Day in the Corps is like a day on the farm, every meal a banquet, every paycheck a fortune, you know, that kind of shit. You know, if if it's something that you don't want, then you're you've stopped listening to the to these episodes. That's that's okay. I'm just saying labor's involved. This is not that much labor, and you're doing you're having huge, mammoth leverage against depleted soils with life raft. It makes sense, and it's going to continue to make sense. Because right now, I wanna read you this piece from John Kempf in Acres USA. And it's called the take half, leave half fallacy.
Now, Jon Kemp before we begin on this one, Jon Kempf wrote this July 1. So he he just wrote this. He's an Amish feller. I think he lives in Ohio or Pennsylvania. He is this he's the founder and president of Advancing Agro no. Hold on. Advancing Ecoagriculture. Advancing Ecoagriculture is I think that's AEA. Advancing Ecoagriculture, I think, is the name of it. He's one of my favorite favorite all time favorite podcast to listen to. It's called Regenerative Agriculture podcast with Jon Kempf, k e m p f. He's highly regarded in regenerative agriculture, if you catch the tongue in cheek meaning of that one.
But he has a tendency to be able to piss people straight off because the things that he thinks of is different than the way people that are in farm and ranch have been thinking about things. And the take half, leave half fallacy is gonna be something that really pisses grazers, ranchers, and other folks that are interested in in pasture health is gonna piss them straight off.
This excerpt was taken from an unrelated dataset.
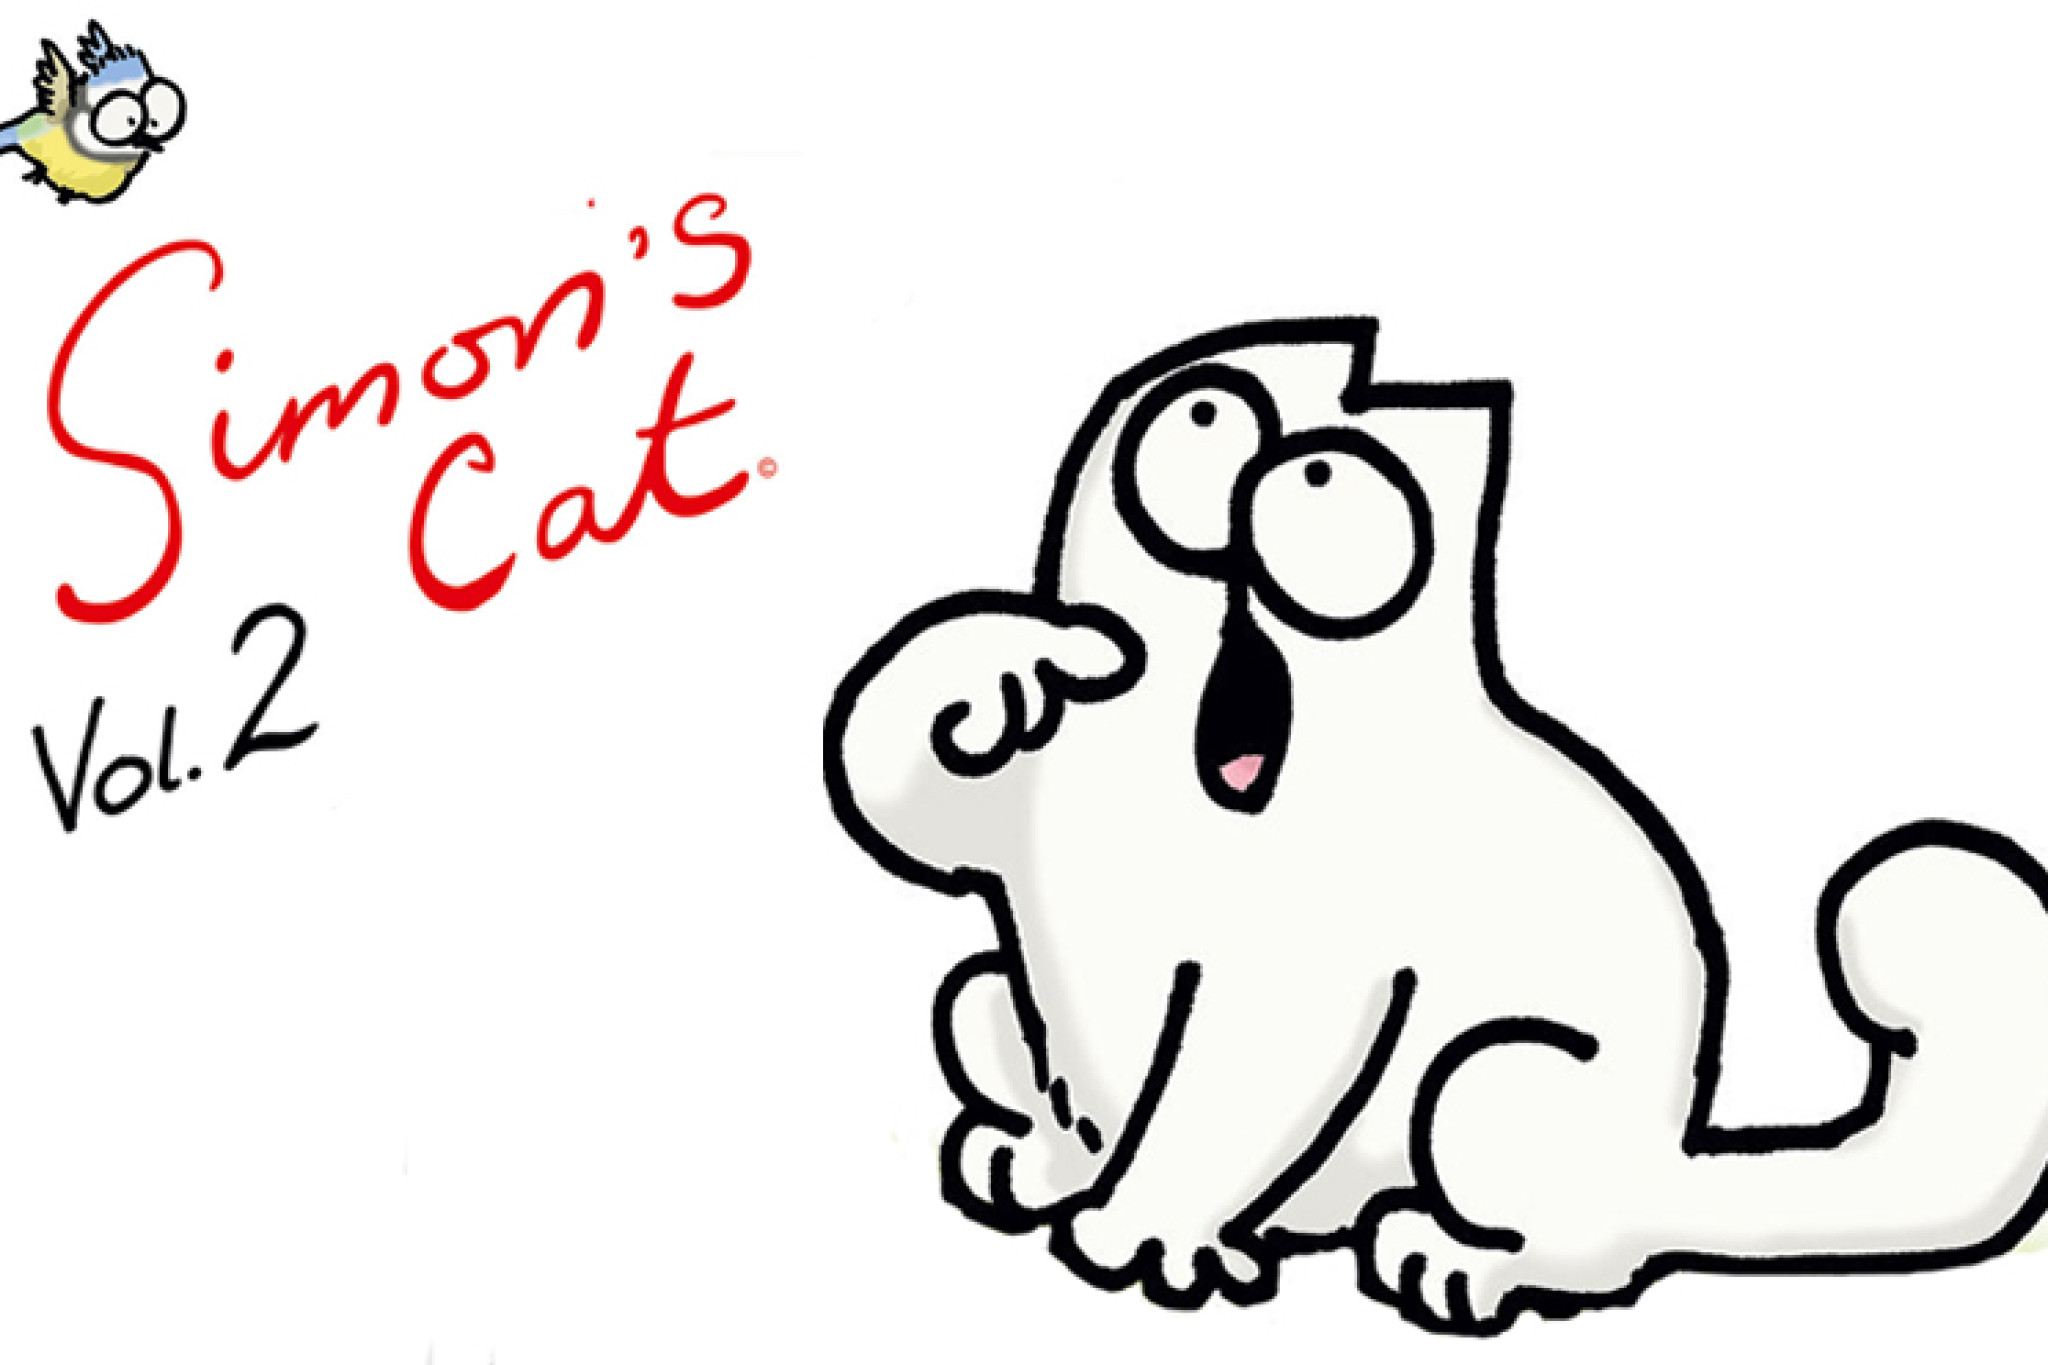 Neues von Simon's Cat auf DVD – gewinne Simon's Cat Fanartikel

So let's get into it from John Kemp. A group of dairy and beef producers approached me recently and said, John, we have a problem. We want to improve our soil health, but despite implementing the best intensive rotational grazing practices for twenty or thirty years, we've made no progress in improving our soil organic matter. In fact, we've gone backwards.
I started asking around, and it turns out this is a common phenomenon. There are hundreds of operations that have this challenge, so I started digging into grazing management systems more deeply than I have in the past. And I came to the conclusion that we have a foundational failure in understanding how different types of plants move sugars around and how that should translate into effective management. This conversation is focused around forage production, but it is equally true with how we're growing annual vegetable crops or annual grain crops or even tree fruit. We need to really understand how different plants move sugars around at different life stages because that determines the plant's optimal expression.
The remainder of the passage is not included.